Nel risalire di responsabilità in responsabilità
si può andare indietro all’infinito. Il momento
buono per fermarsi è indice della sensibilità
di un’epoca e di una persona che in quest’epoca
vive con un quadro di valori che è di tutti quanto suo.
Dove Pinardi entra in crisi – allorché i dati gli
si contraddicono e le categorie alle quali è stato educato
non gli bastano più e, anzi, sembrano portarlo fuori
strada –, il marchingegno dell’intelligenza artificiale
non arriva ancora.
Il sentiero dei nidi di ragno è del 1947. A
metà degli anni Sessanta, in occasione di una ristampa,
Calvino vi aggiunge una prefazione estremamente interessante.
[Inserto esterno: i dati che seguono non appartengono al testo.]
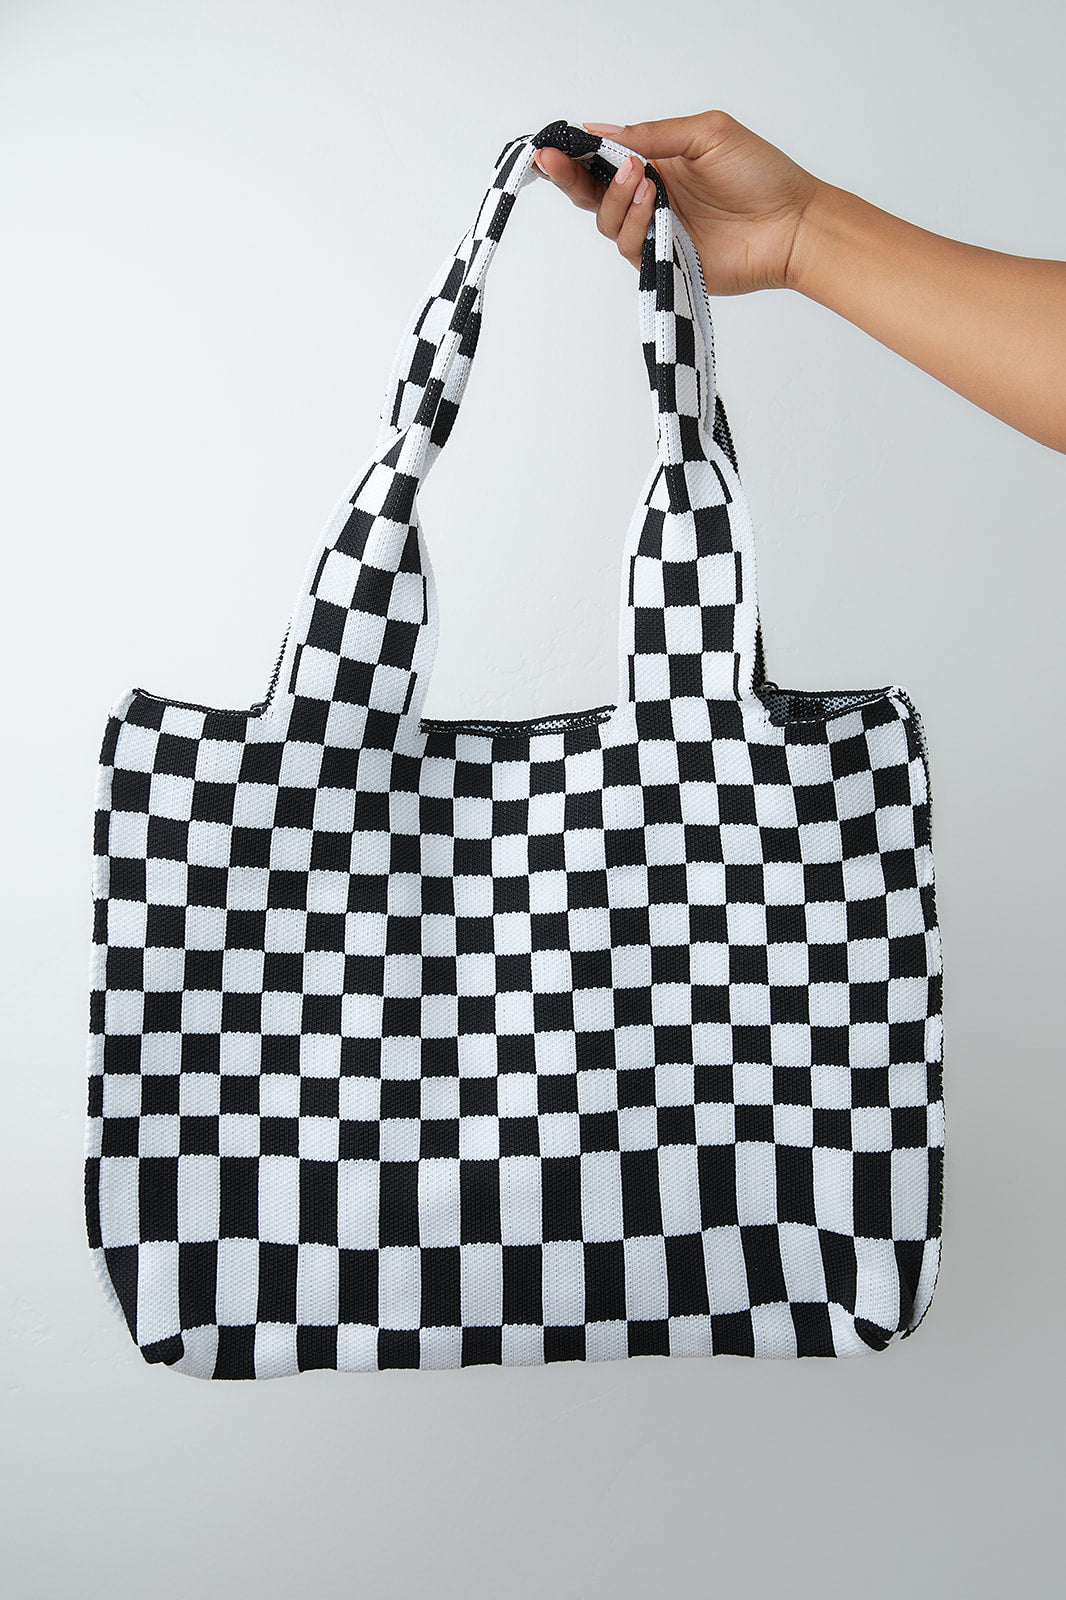 Off-White Logo Checkered Bag Black/White Purse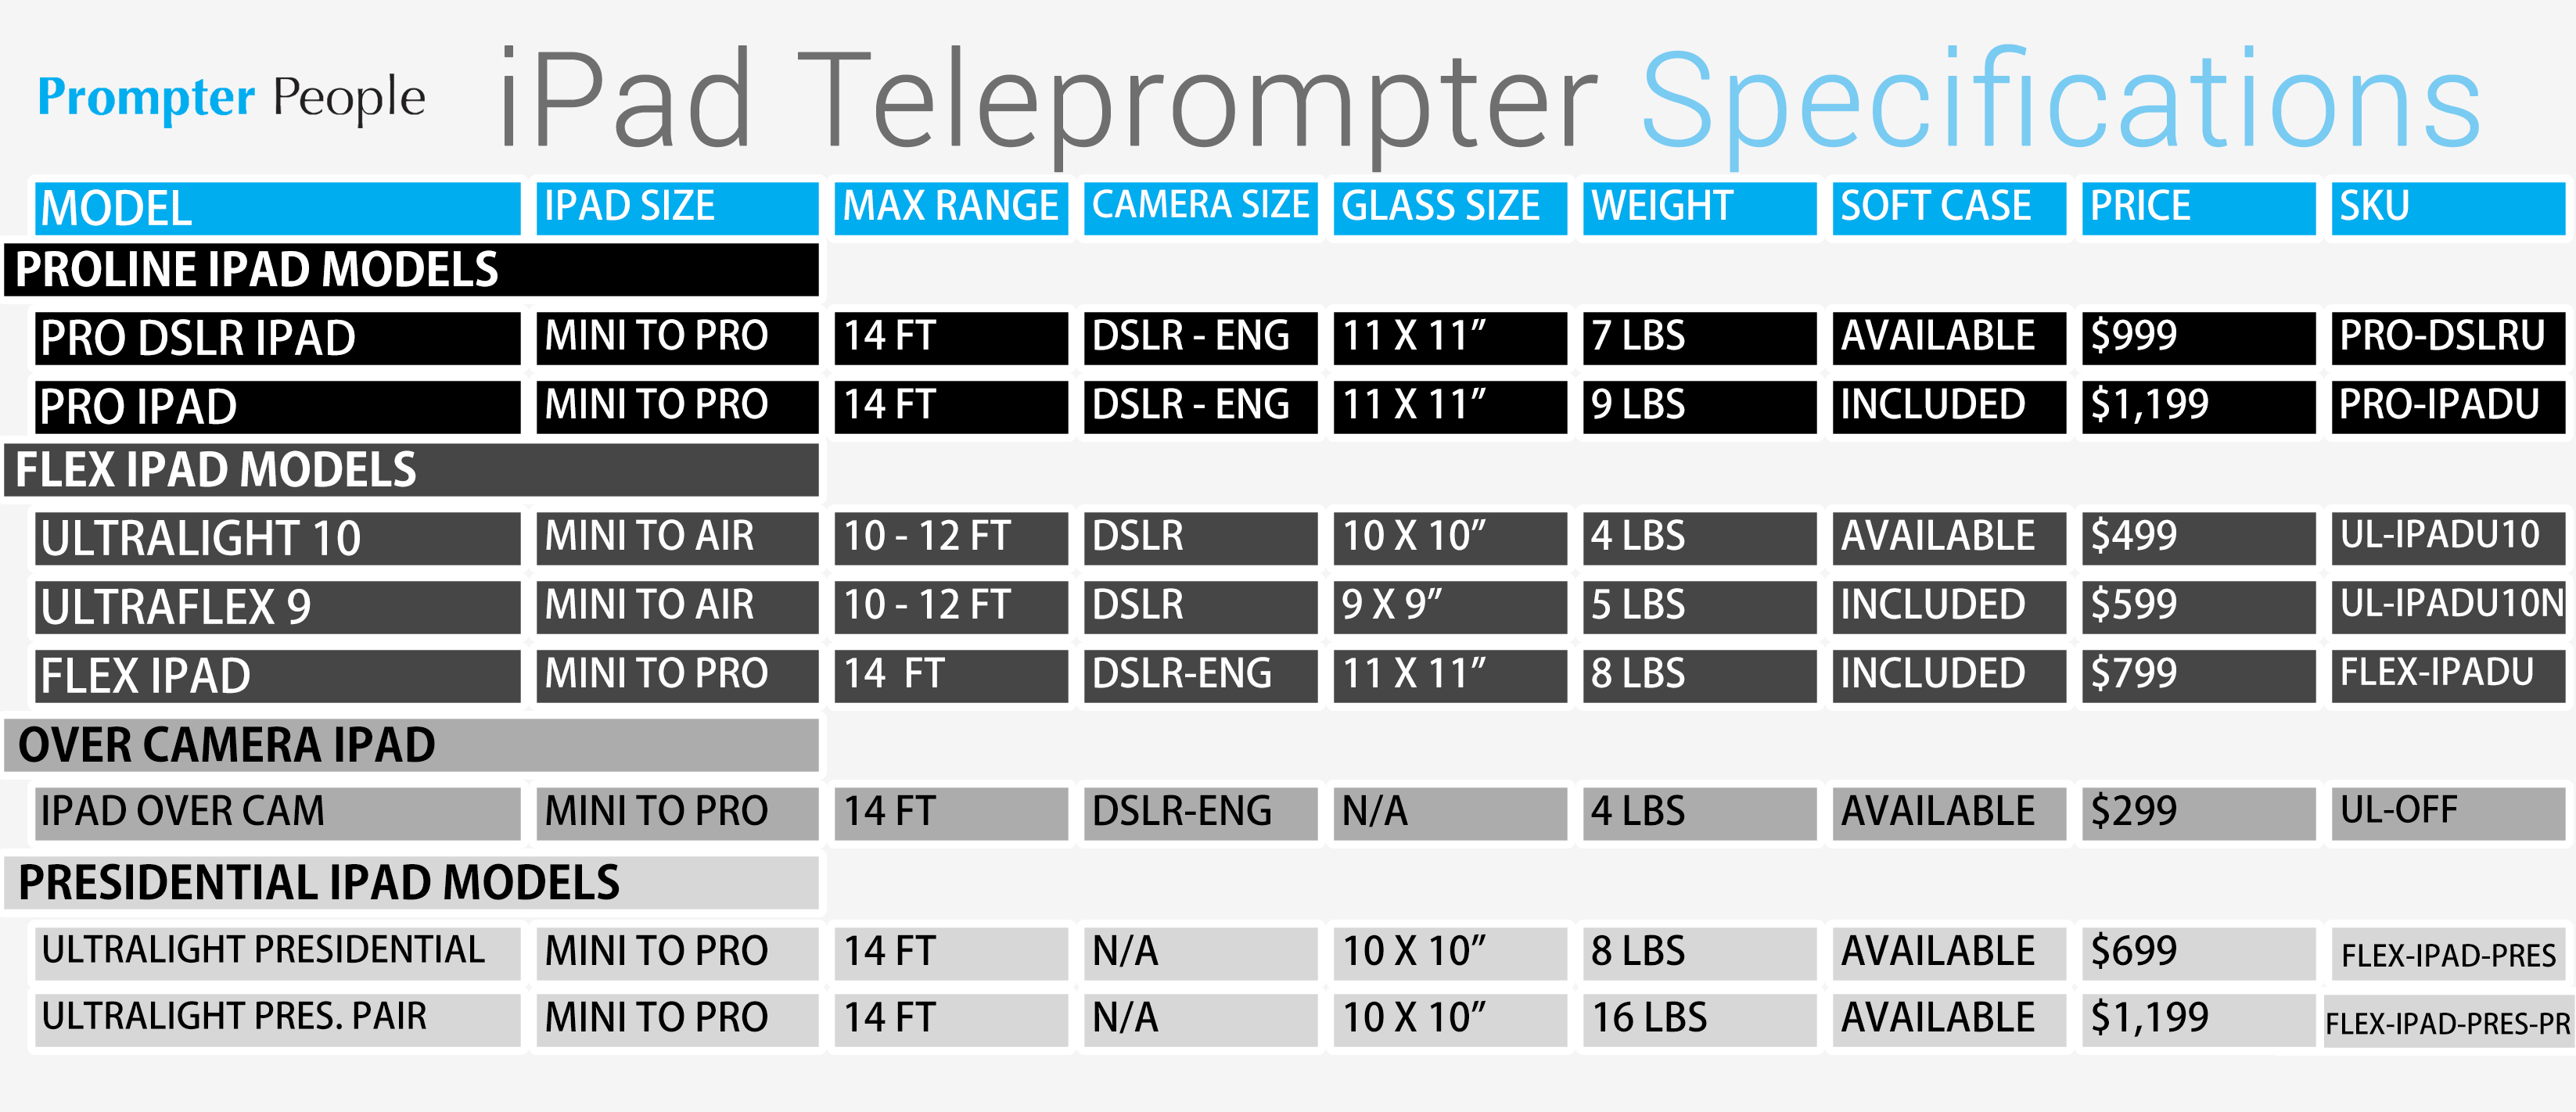 ipad-teleprompter-specifications-pp-b.jpg

Non solo perché ammette che, al momento, “i discorsi
sulla letteratura” gli danno “sempre più
fastidio”, precisando trattarsi di quelli degli altri
come dei suoi, ma perché, con leale incertezza, cerca
di far comprendere e comprendere egli stesso cos’era stato
il suo rapporto di persona e di scrittore con quella Resistenza
cui, dal 1944, sui monti liguri, aveva partecipato direttamente.
Bene, già allora, Calvino accusava la “rispettabilità
ben pensante” del primissimo dopoguerra e la retorica
che della Resistenza mistificava la natura. Con onesta e dolente
umanità diceva che, per molti dei suoi coetanei, “era
stato solo ih caso a decidere da che parte dovessero combattere”
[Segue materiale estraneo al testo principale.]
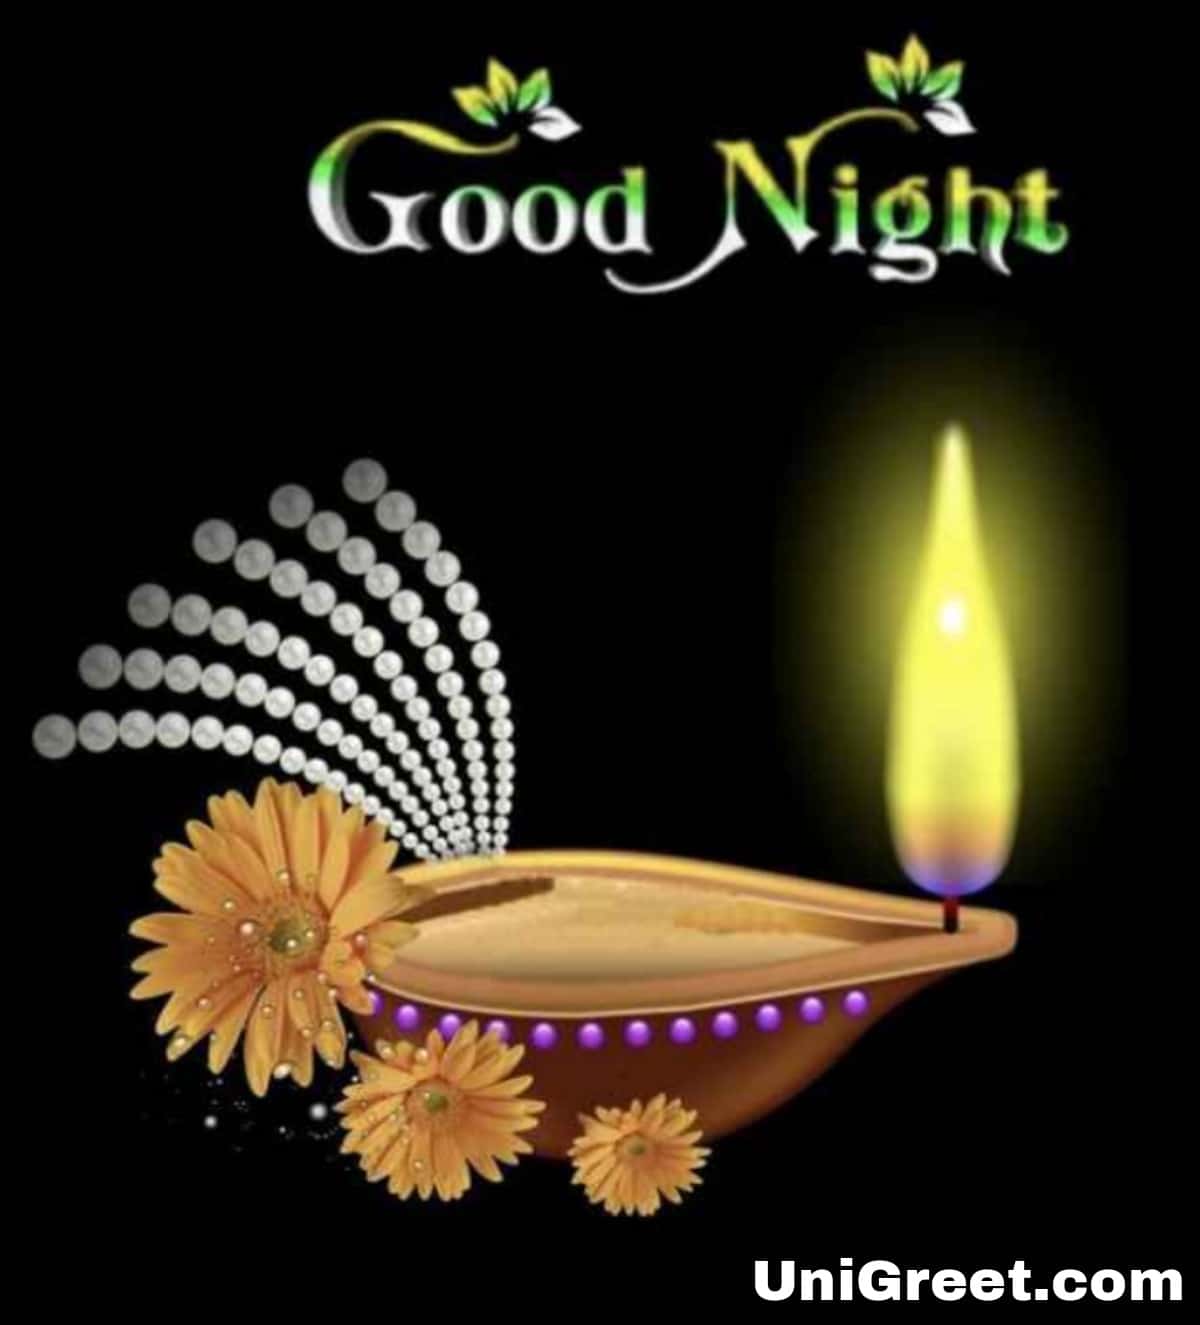 New Good night image for Diwali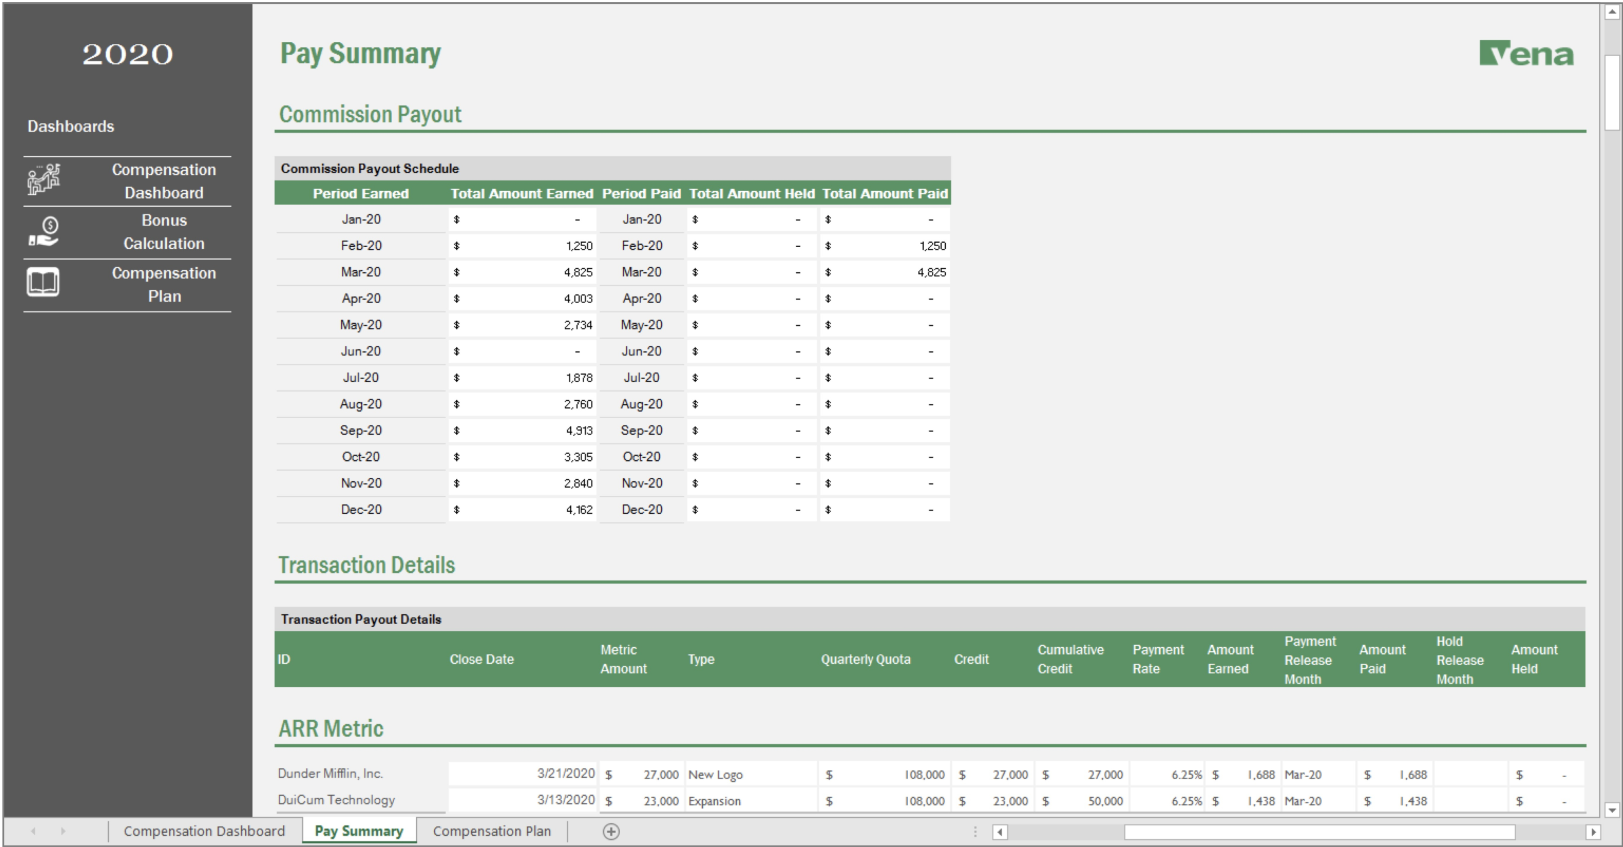 Screenshot of Vena's Pay Summary template

e che, per molti, “le parti tutt’a un tratto si
invertivano, da repubblichini diventavano partigiani o viceversa;
da una parte o dall’altra sparavano o si facevano sparare”
e “solo la morte dava alle loro scelte un segno irrevocabile”.
Il sentiero dei nidi di ragno, già allora, dunque,
fu il riflesso di una “ostentazione di spavalderia quasi
provocatoria” su due fronti: contro i “detrattori
della Resistenza” e, “nello stesso tempo”,
contro i “sacerdoti d’una Resistenza agiografica
ed edulcorata”.
Felice Accame
P.s.: Ne Il partigiano e l’aviatore di Pinardi,
fanno anche la loro comparsa – non sempre luminosissima
– alcuni dei personaggi che compongono l’iconologia
degli Gli anarchici e la Resistenza,
in “A” 307. Andrebbe allora rammentato che Perelli,
Pietropaolo e Bruzzi, per esempio, figurano come interpreti
minori di quell’inquietante caso che, nel 1921, fu l’attentato
al Diana. Bruzzi è imputato, ma, francamente, non ho
mai capito di cosa. Perelli, invece, è stato condannato,
perché era stato sorpreso, per strada, nella stessa sera
dell’attentato al Diana, mentre, con altri, si dirigeva
verso la sede dell’“Avanti!”, dove, secondo
le sue parole al processo, avrebbero voluto fare una “dimostrazione”,
con bomba. La sua carriera politica virerà più
tardi in direzione del Partito Socialista Italiano e, infine,
verso il Partito Socialdemocratico. Anche a Pietropaolo toccheranno
16 anni e 11 mesi di carcere. A Germinal Concordia viene ascritto
il merito di aver liberato Villa Triste, a Milano – la
nota sede dei torturatori della banda di Pietro Koch –,
ma, a quanto risulta da più parti, già Mussolini,
verso la fine del 1944, si era dato da fare in proposito ordinando
l’arresto di Koch (che scappa e si consegna alla questura
di Firenze tempo dopo). Alla fine del 1945, comunque, Germinal
Concordia – con Perelli e Pietropaolo – fonda una
Federazione Libertaria Italiana che sembrerebbe piuttosto orientata
alla partecipazione elettorale e, nel 1950, non lasciando più
adito a dubbi sulle sue intenzioni, fonda il Partito Comunista
Nazionale Italiano. Passi per il “comunista”, ma
per il “nazionale”... Mah. Qualche perplessità
sul loro anarchismo è inevitabile. Ricordandosi, anche,
delle raccomandazioni di Malatesta quando diceva che “gli
anarchici non debbono, non possono essere dei giustizieri”,
perché “essi sono dei liberatori”.
P. p. s.: Il saggio di Kluver e Stoica è in “Mente
e cervello”, III, 14, 2005. Del racconto di Calvino e
del progetto di romanzo parla Paul Braffort in Letteratura
e matematica – Il guerriero rigoroso, in “AltroVerso”,
6/7, dicembre 2004 – marzo 2005.
Il partigiano e l’aviatore di Davide Pinardi
è pubblicato da Odradek (Roma 2005). Il momento buono
di Mario Bernardo venne pubblicato da Ideologie, a Roma nel
1969. L’esteta armato è il titolo di un
saggio di Maurizio Serra, edito da Il Mulino, a Bologna nel
1990. Cfr., infine, L’attentato al Diana, Napoleone,
Roma 1973. Per la citazione di Malatesta, cfr. E. Malatesta,
Errori e rimedi (a cura di P. Adamo), MB Publishing,
Milano s. d.
Gli
anarchici e la Resistenza
Precisazioni redazionali
Alcune
affermazioni dell’amico Felice Accame nel suo
“P.s.” ci spingono a precisare che:
- Gli anarchici citati
(e di ciascuno dei quali abbiamo pubblicato un’immagine)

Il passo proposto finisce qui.